Here is my attempt: Fix $c\in\mathbb{R}$ with $c\neq a$. Either $a\in\mathbb{Q}$ or $a\notin\mathbb{Q}$, and either $c\in\mathbb{Q}$ or $c\notin\mathbb{Q}$, so we have four cases.
Conisder $a,c\in\mathbb{Q}$. Choose $\epsilon=|a-c|/2$. Then, for any $\delta>0$, there exists $x_0\notin\mathbb{Q}$ such that $|x_0-c|<\delta$. Then, $$|f(x_0)-f(c)|=|0-(c-a)|\nless\frac{|a-c|}{2}=\epsilon$$
Next, consider $a\in\mathbb{Q}$ and $c\notin\mathbb{Q}$. For any $\delta>0$, there exists $x_0\in\mathbb{Q}$ such that $|x_0-c|<\delta$. Choose $\epsilon=|x_0-a|/2$. Then, $$|f(x_0)-f(c)|=|(x_0-a)|\nless\frac{|x_0-a|}{2}=\epsilon$$
Not too sure how to proceed with the last two cases.

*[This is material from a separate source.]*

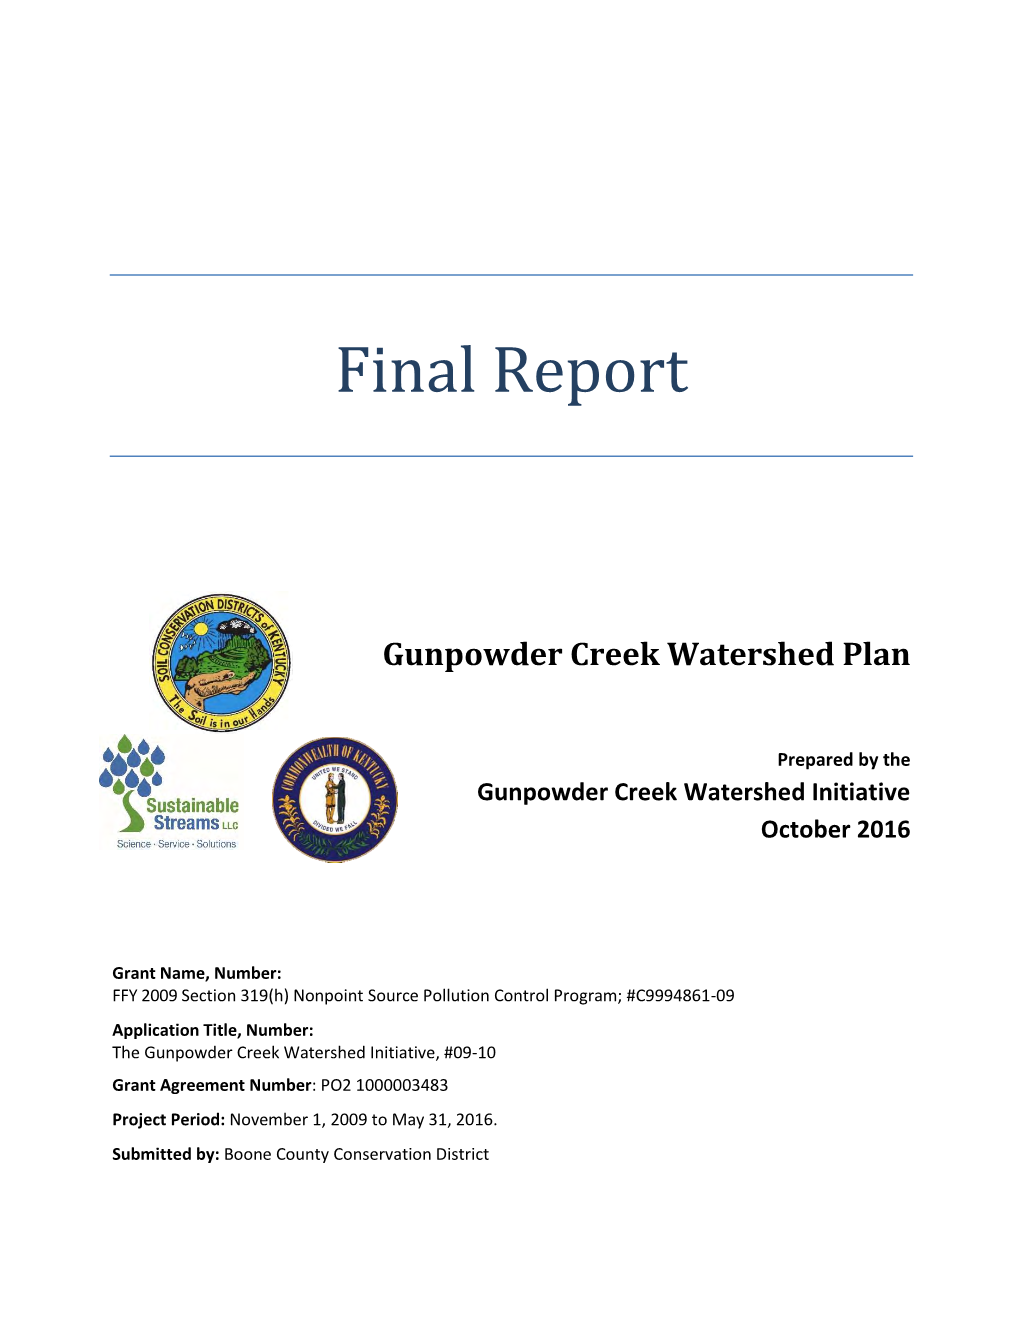 Gunpowder Creek Watershed Plan

Also, is there an easier way to do this, without splitting into four cases?
Let $c\in \mathbb{R}$, and let $(r_n)_n$ be a sequence of irrational numbers such that $r_n\to c$ as $n\to \infty$. Denote $x_n:=a+r_n$. Then one has
$$ f(x_n)=0 \quad\forall n.$$
On the other hand,
$$ f(\lim_{n\to \infty} x_n)=f(a+c)=c\cdot\chi_{\mathbb{Q}}(c). $$
This shows that if $f$ is continuous at $a+c$, then $c=0$.

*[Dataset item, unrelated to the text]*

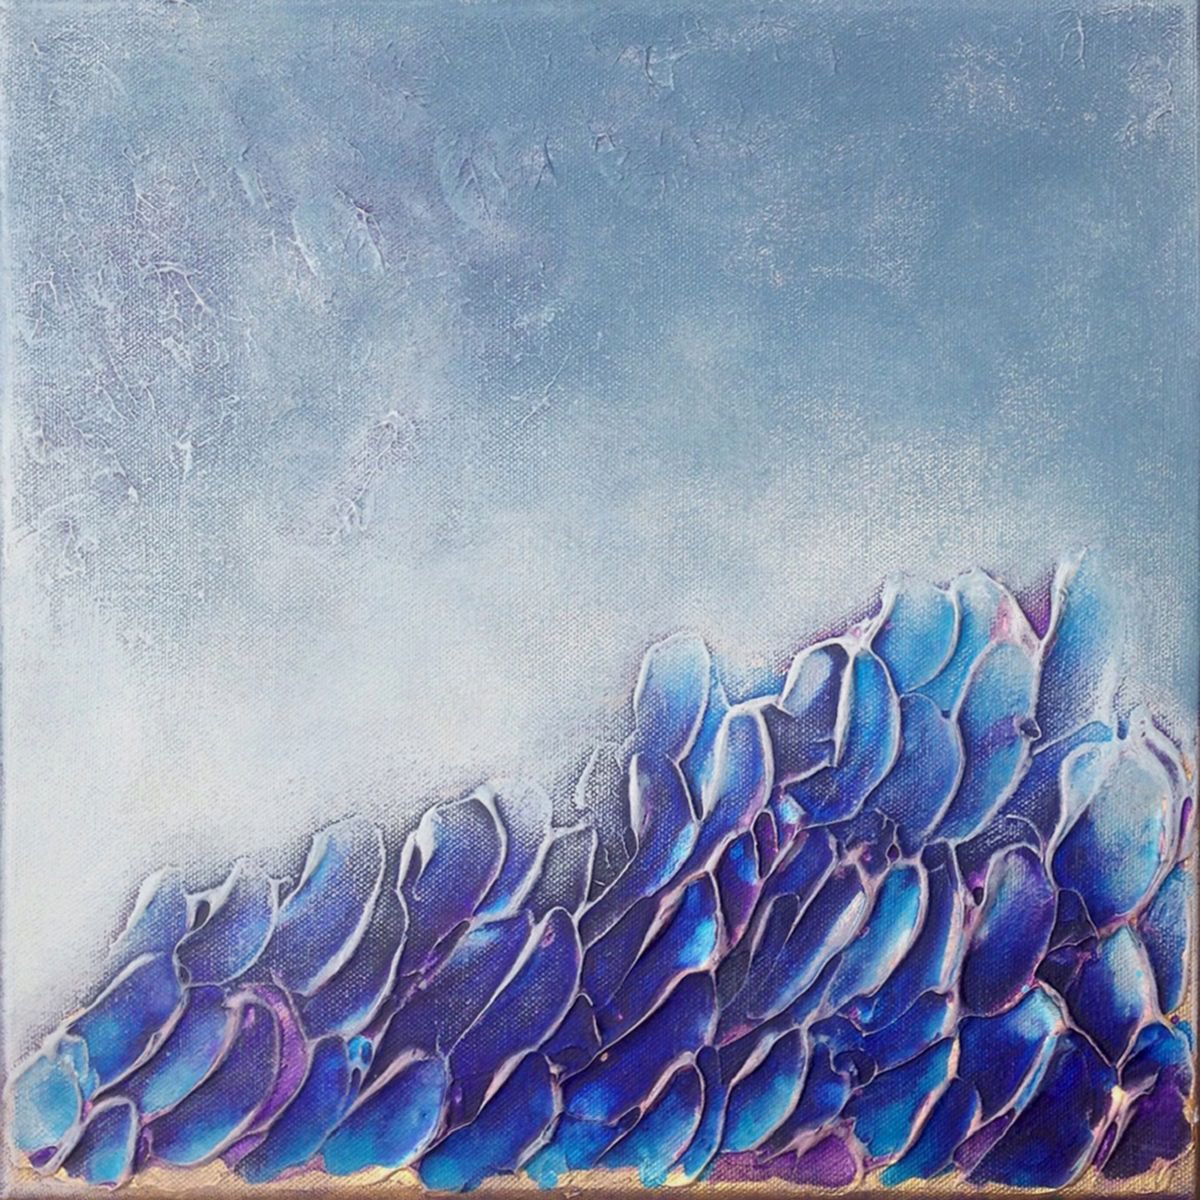 Black Coral Sky by Liz McDonough

In order to check that $f$ is continuous at $a$, let $(y_n)_n$ be any sequence of real numbers converging to $a$, and let $s_n:=y_n-a$. We want to check that $f(y_n)\to 0$. Since $f(y_n)=0$ whenever $s_n$ is irrational, we can assume without loss of generality that $s_n\in \mathbb{Q}$ for all $n$. In this case, you have $f(y_n)=s_n\to 0$ as desired, so $f$ is continuous at $a$.